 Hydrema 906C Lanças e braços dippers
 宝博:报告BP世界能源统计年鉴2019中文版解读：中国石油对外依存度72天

--

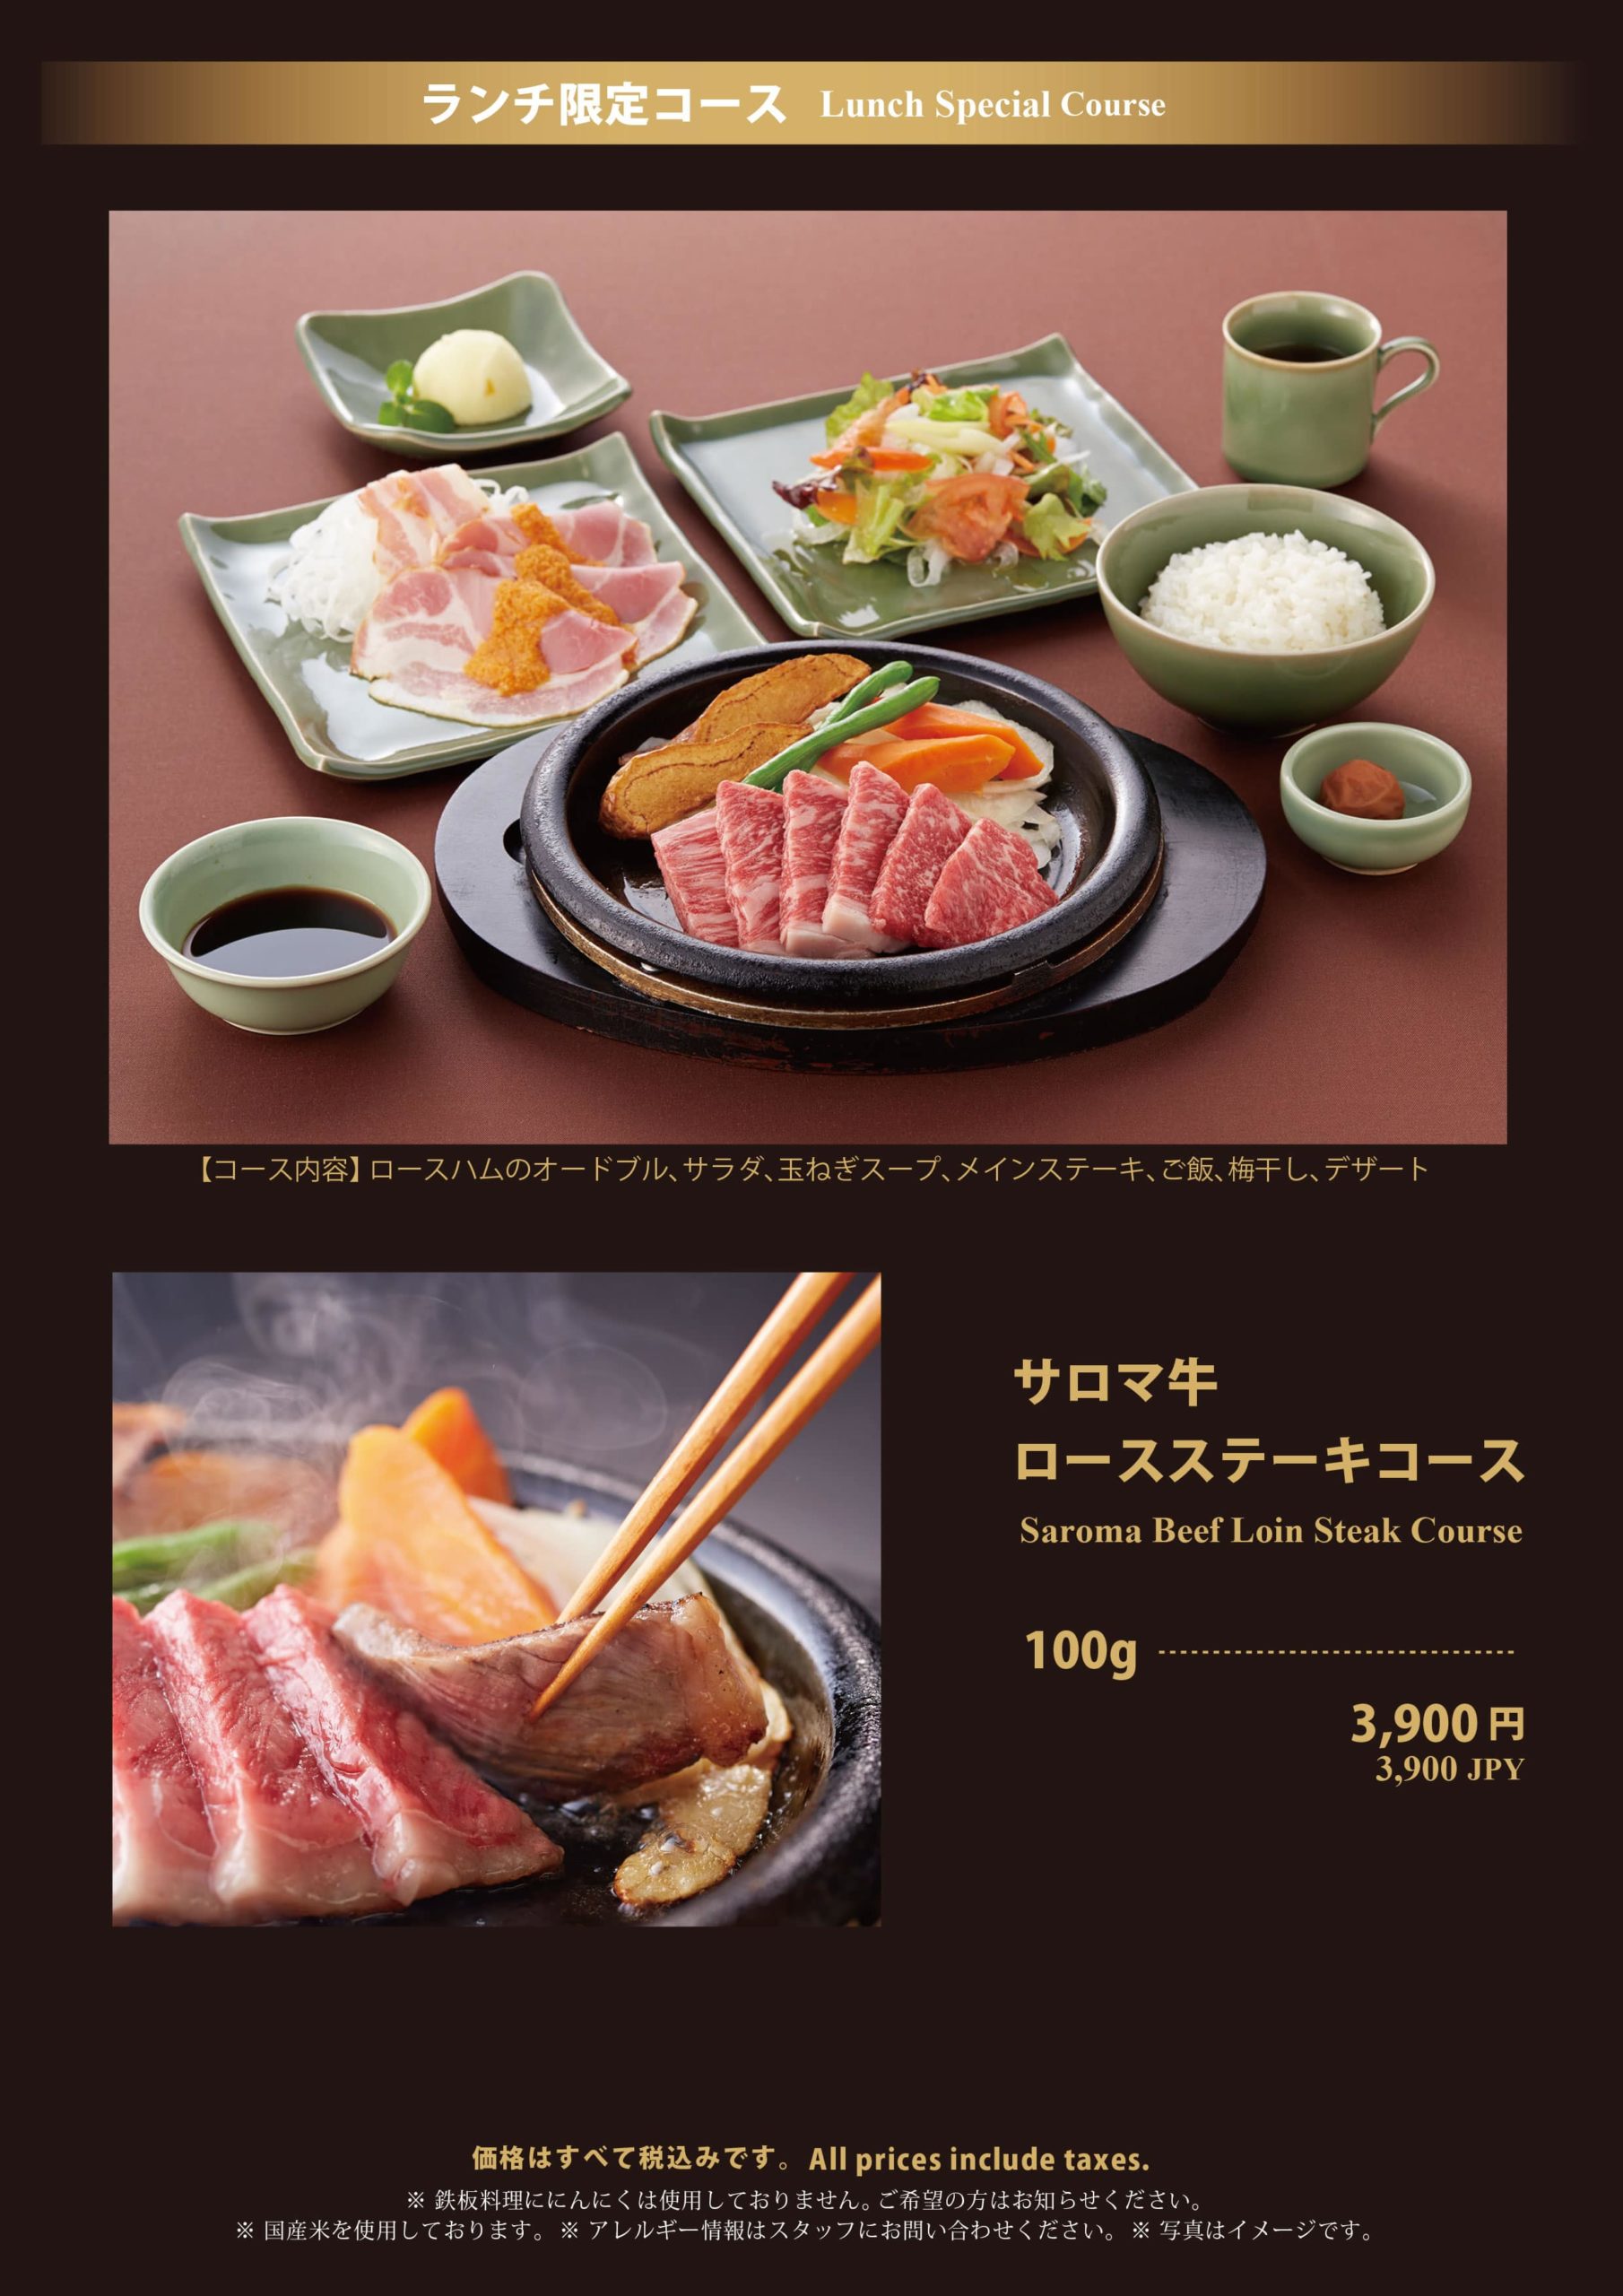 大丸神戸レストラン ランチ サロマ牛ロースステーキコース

### GOAL OF THE EXERCISE:
Lines wanted from the listing above: the line with "Hydrema 906C Lanças e braços dippers" up to and including the line with "宝博:报告BP世界能源统计年鉴2019中文版解读：中国石油对外依存度72天". Please write them out exactly, adding nothing else.

### ANSWER FOR THIS EXERCISE:
 Hydrema 906C Lanças e braços dippers
 宝博:报告BP世界能源统计年鉴2019中文版解读：中国石油对外依存度72天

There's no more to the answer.